Emerging growth company ☐
If an emerging growth company, indicate by check mark if the registrant has elected not to use the extended transition period for complying with any new or revised financial accounting standards provided pursuant to Section 13(a) of the Exchange Act. ☐
Item 5.02 Departure of Directors or Certain Officers; Election of Directors; Appointment of Certain Officers; Compensatory Arrangements of Certain Officers.
On July 18, 2024, the Federal Home Loan Bank of Topeka (FHLBank) issued a news release announcing the appointment of Philip Bacchus, age 43, as Chief Financial Officer, effective August 26, 2024. Mr. Bacchus currently serves as Senior Vice President and Treasurer at American Savings Bank, Honolulu, Hawaii, a position he has held since 2019. Prior to his current position, Mr. Bacchus served in various treasury and asset management roles at Capital One Financial from 2006 to 2017. In his role as CFO, Mr.

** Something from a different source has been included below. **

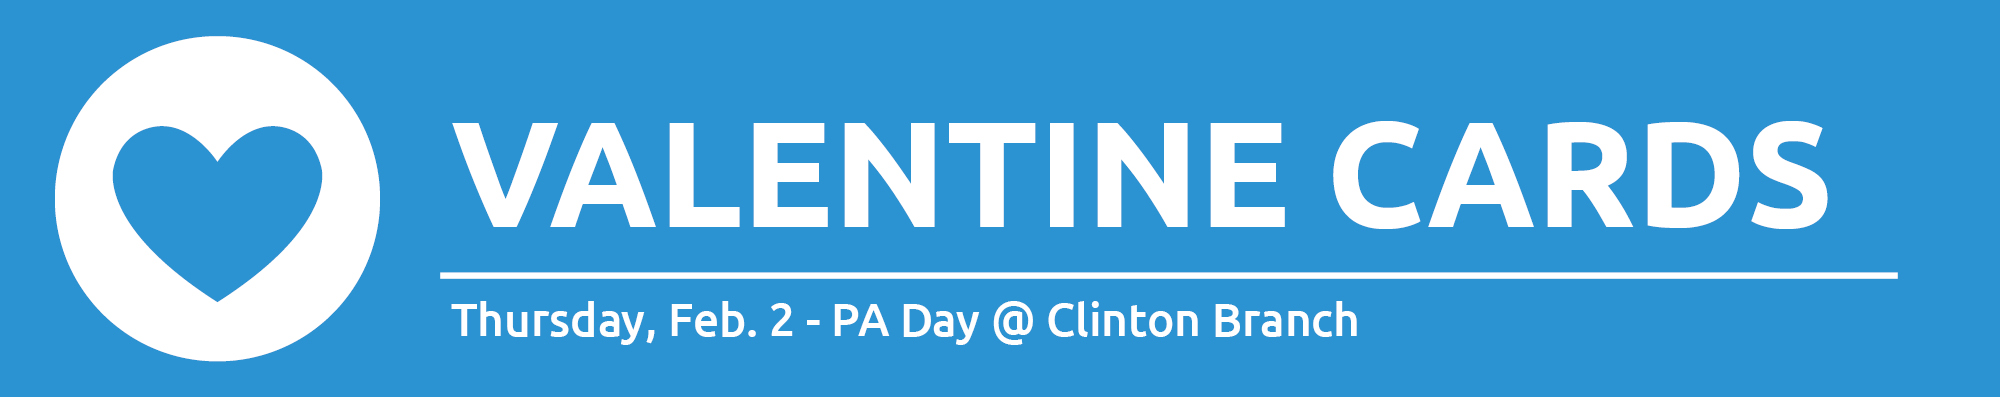 Illustration of a heart with text promoting PA Day Valentine Card making at Clinton Branch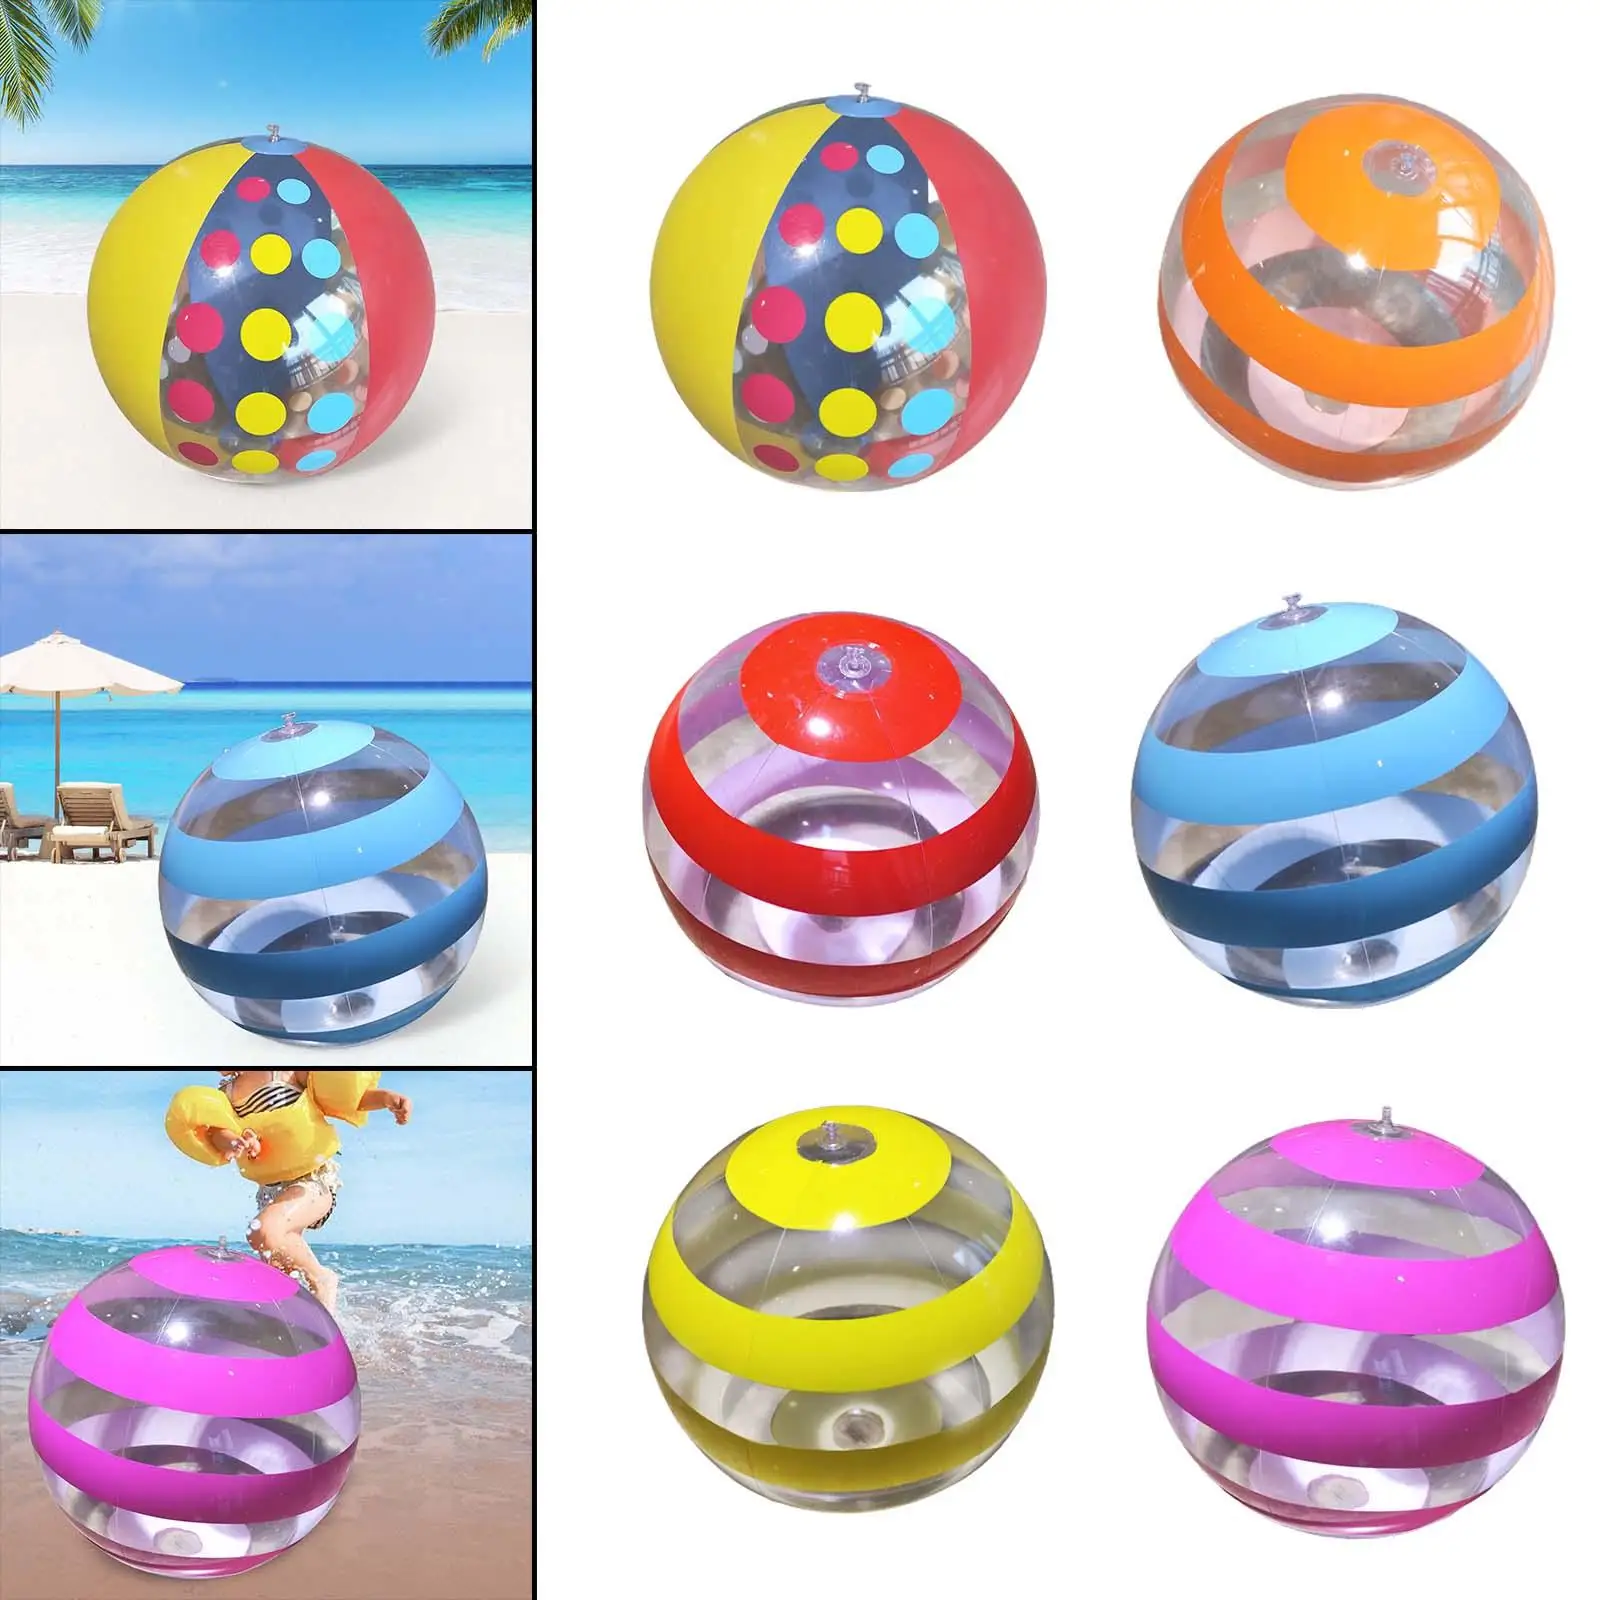 Beach Ball Leakproof Pool Game Inflatable Pool Toys for Home Beach Summer

Bacchus will oversee FHLBank’s Finance Division, which includes accounting and capital markets.
As FHLBank’s CFO, Mr. Bacchus will be paid an annual base salary of $450,000 and will be eligible to earn incentive awards under FHLBank’s Executive Incentive Compensation Plan (EICP) at a target of 60 percent of his base salary. In addition, FHLBank will pay Mr. Bacchus a signing bonus of $175,000 within 30 days of his first date of employment, subject to a clawback if Mr. Bacchus’ employment with FHLBank ends within one year. Mr. Bacchus will be eligible to receive a $25,000 relocation stipend and relocation benefits up to a maximum of $175,000 (plus a tax gross up). Further, Mr. Bacchus will be eligible to participate in FHLBank’s Benefit Equalization Plan (BEP) and receive an employer contribution credited to the BEP as if he had six or more years of employment at FHLBank. For additional information about FHLBank’s executive incentive and employee benefit plans, EICP, and the BEP, see FHLBank’s Annual Report on Form 10-K filed with the Securities and Exchange Commission on March 11, 2024. A copy of FHLBank’s revised EICP reflecting Mr. Bacchus’ participation in the EICP is attached hereto as Exhibit 10.1 and is incorporated herein by reference.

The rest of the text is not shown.